> [Data]:
- Opening Delimiter -

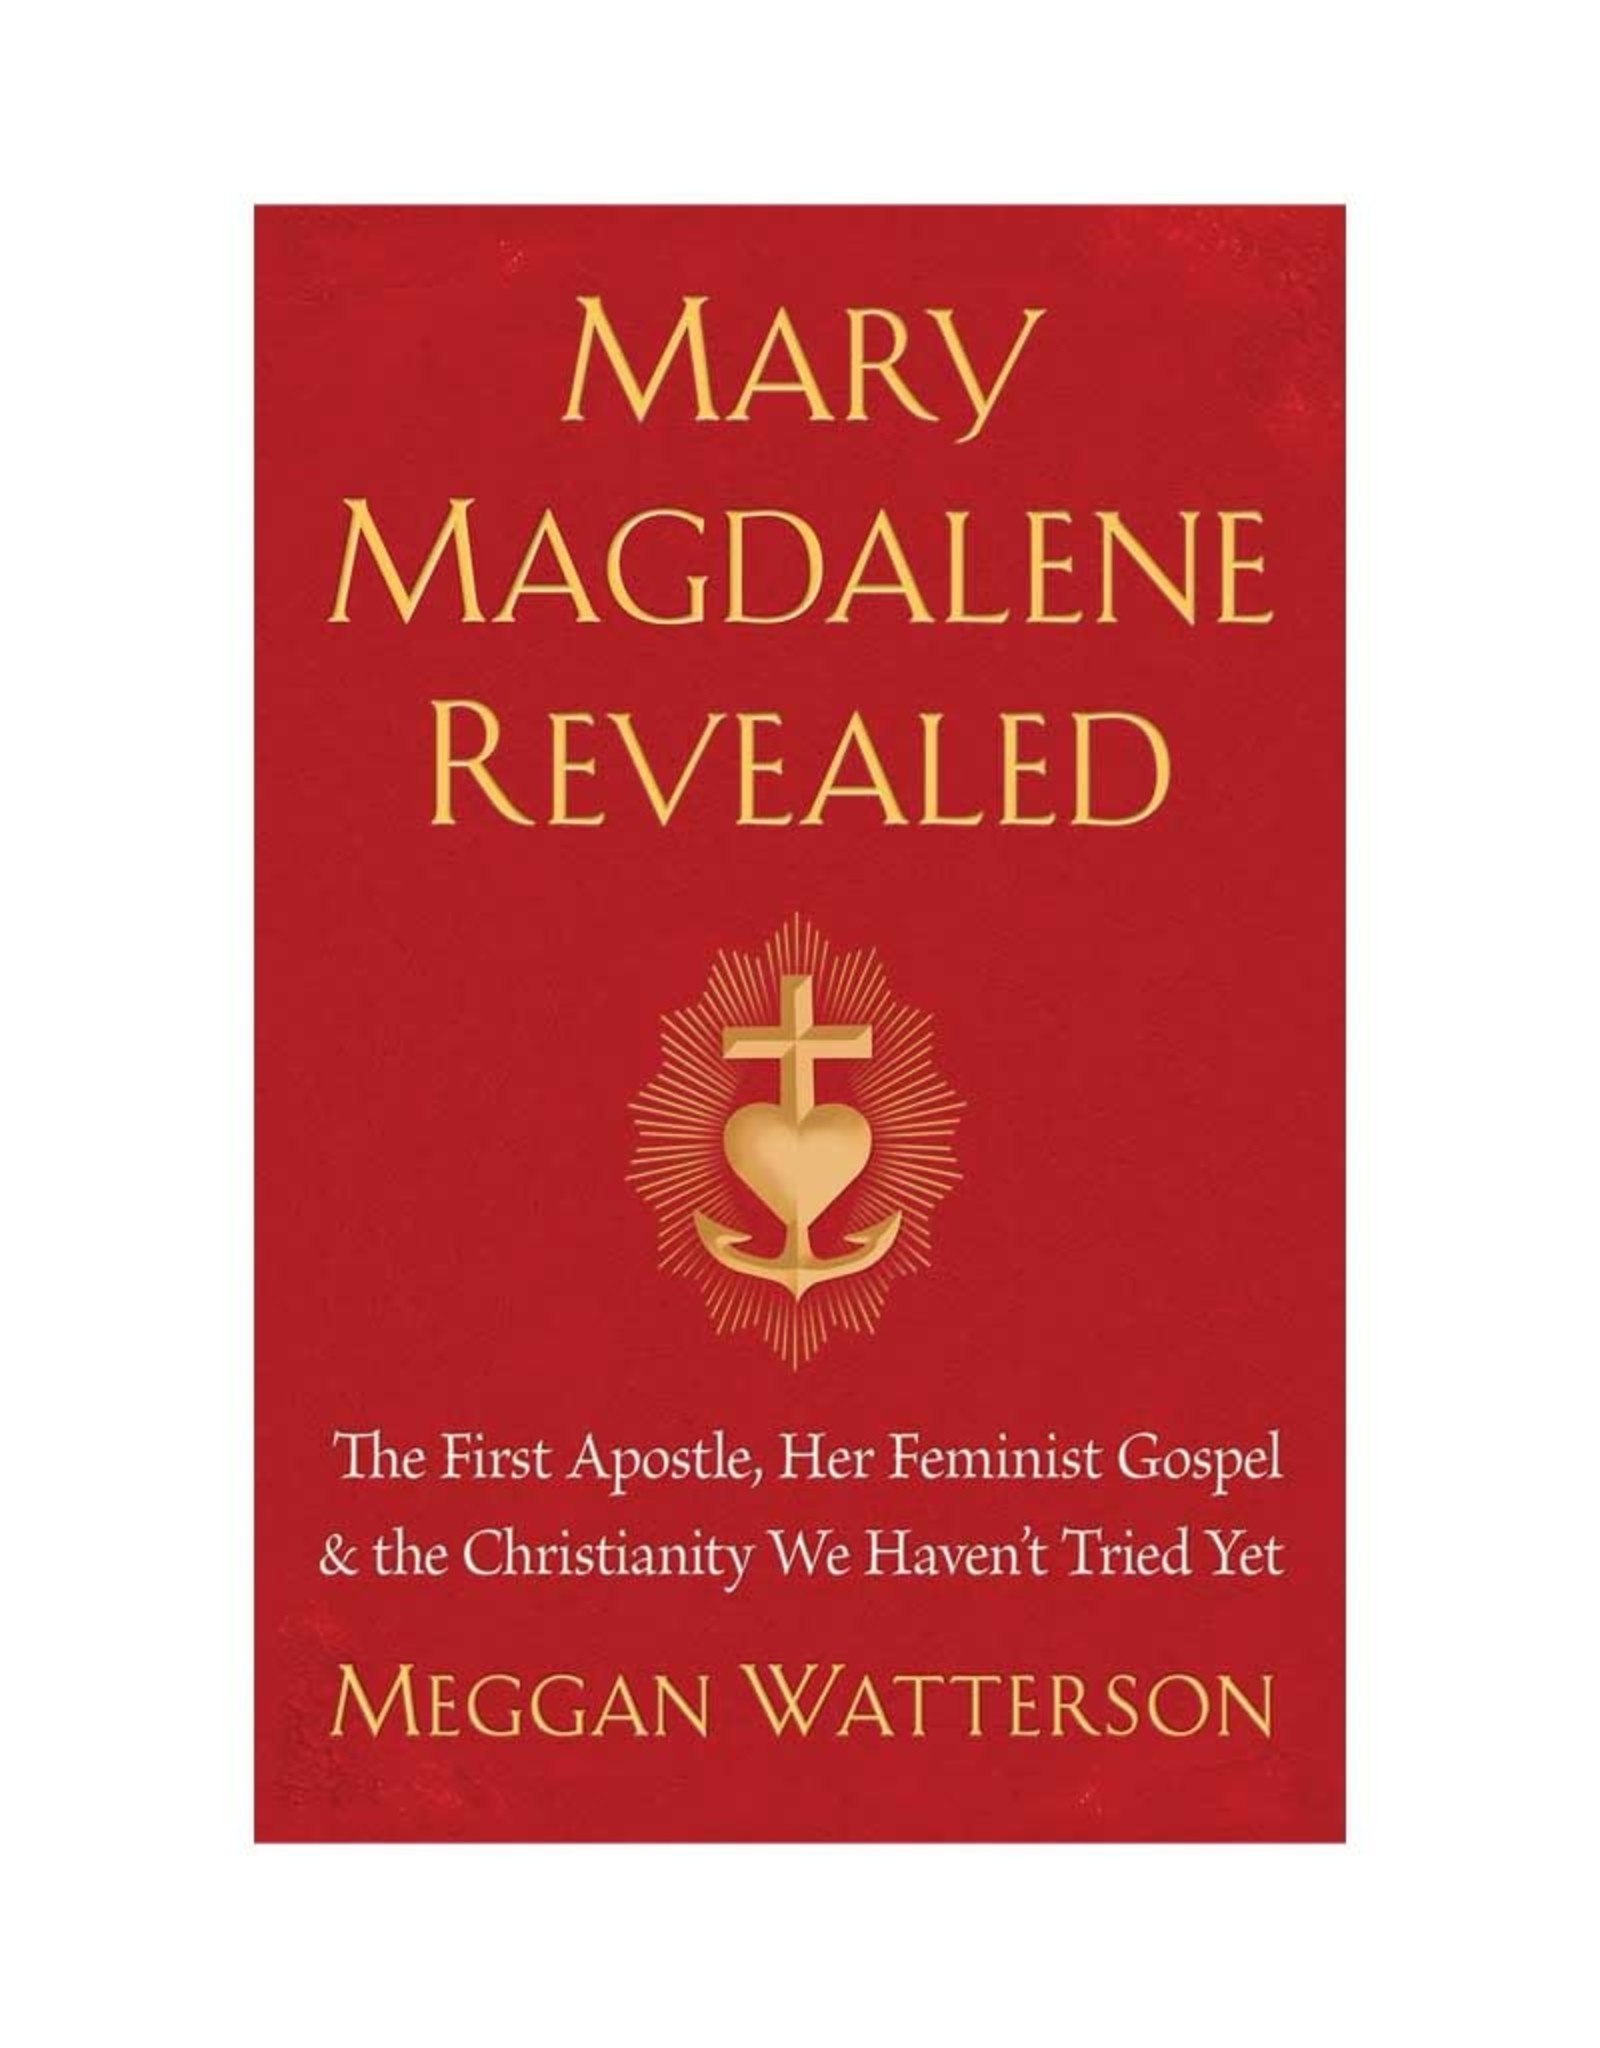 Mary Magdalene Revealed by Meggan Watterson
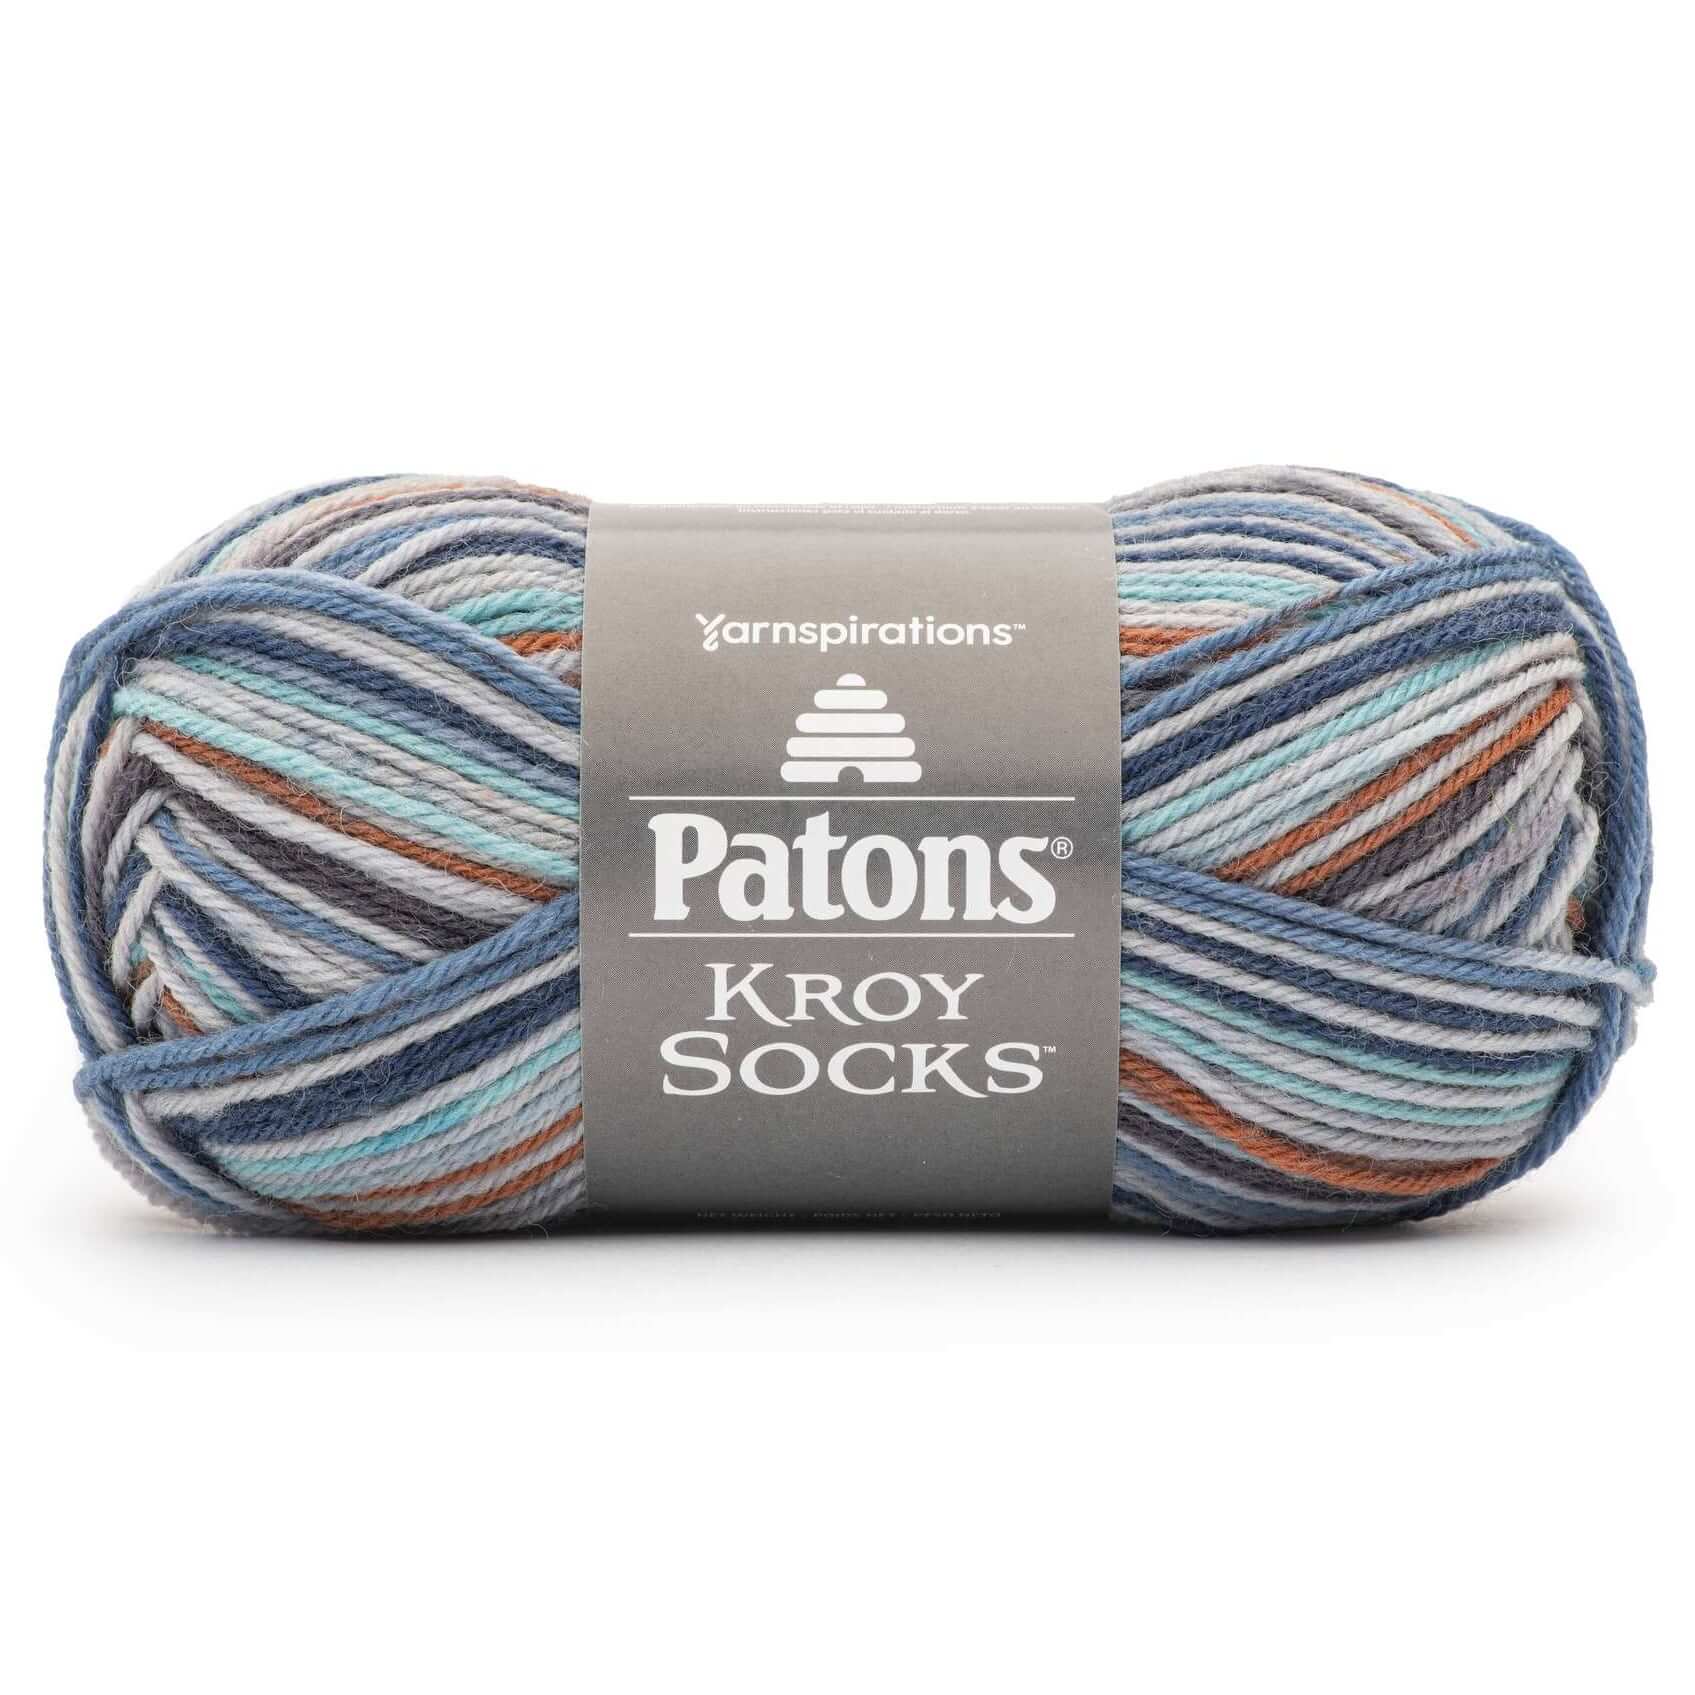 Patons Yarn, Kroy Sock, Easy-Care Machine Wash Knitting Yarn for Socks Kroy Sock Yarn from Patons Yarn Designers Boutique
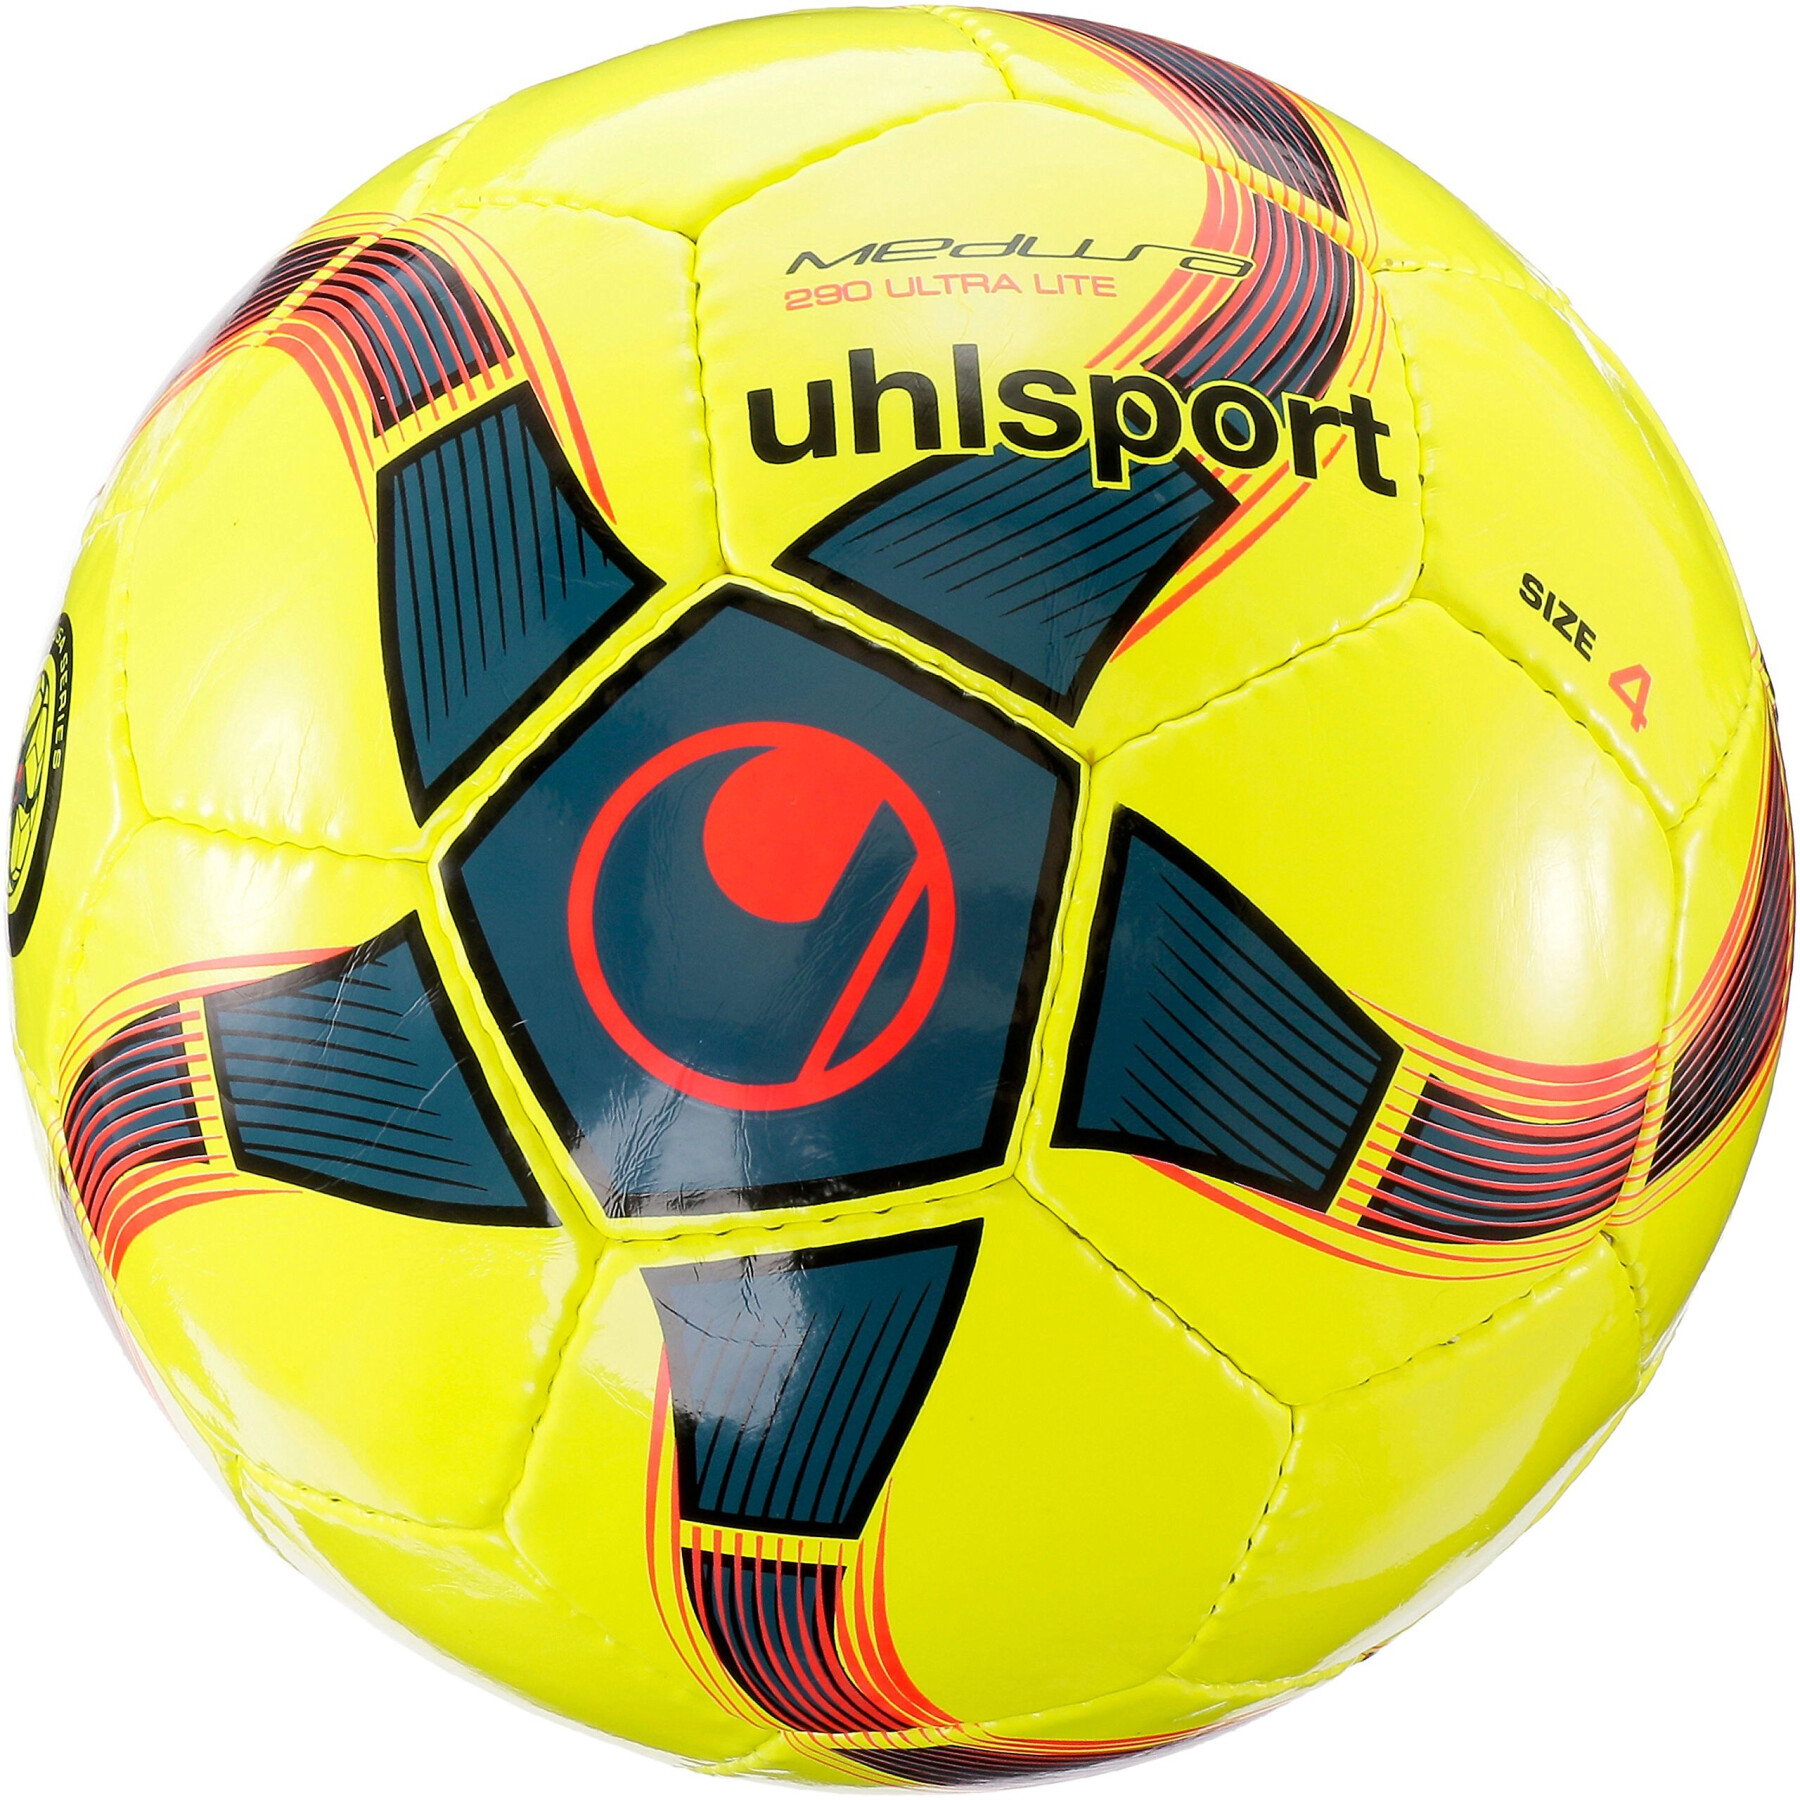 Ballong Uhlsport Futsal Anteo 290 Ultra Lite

- Closing Delimiter -

From the line that contains "Patons Yarn, Kroy" to the end of the material above, output every line exactly, both ends included, but leave out any pictures.

 Patons Yarn, Kroy Sock, Easy-Care Machine Wash Knitting Yarn for Socks Kroy Sock Yarn from Patons Yarn Designers Boutique
 Ballong Uhlsport Futsal Anteo 290 Ultra Lite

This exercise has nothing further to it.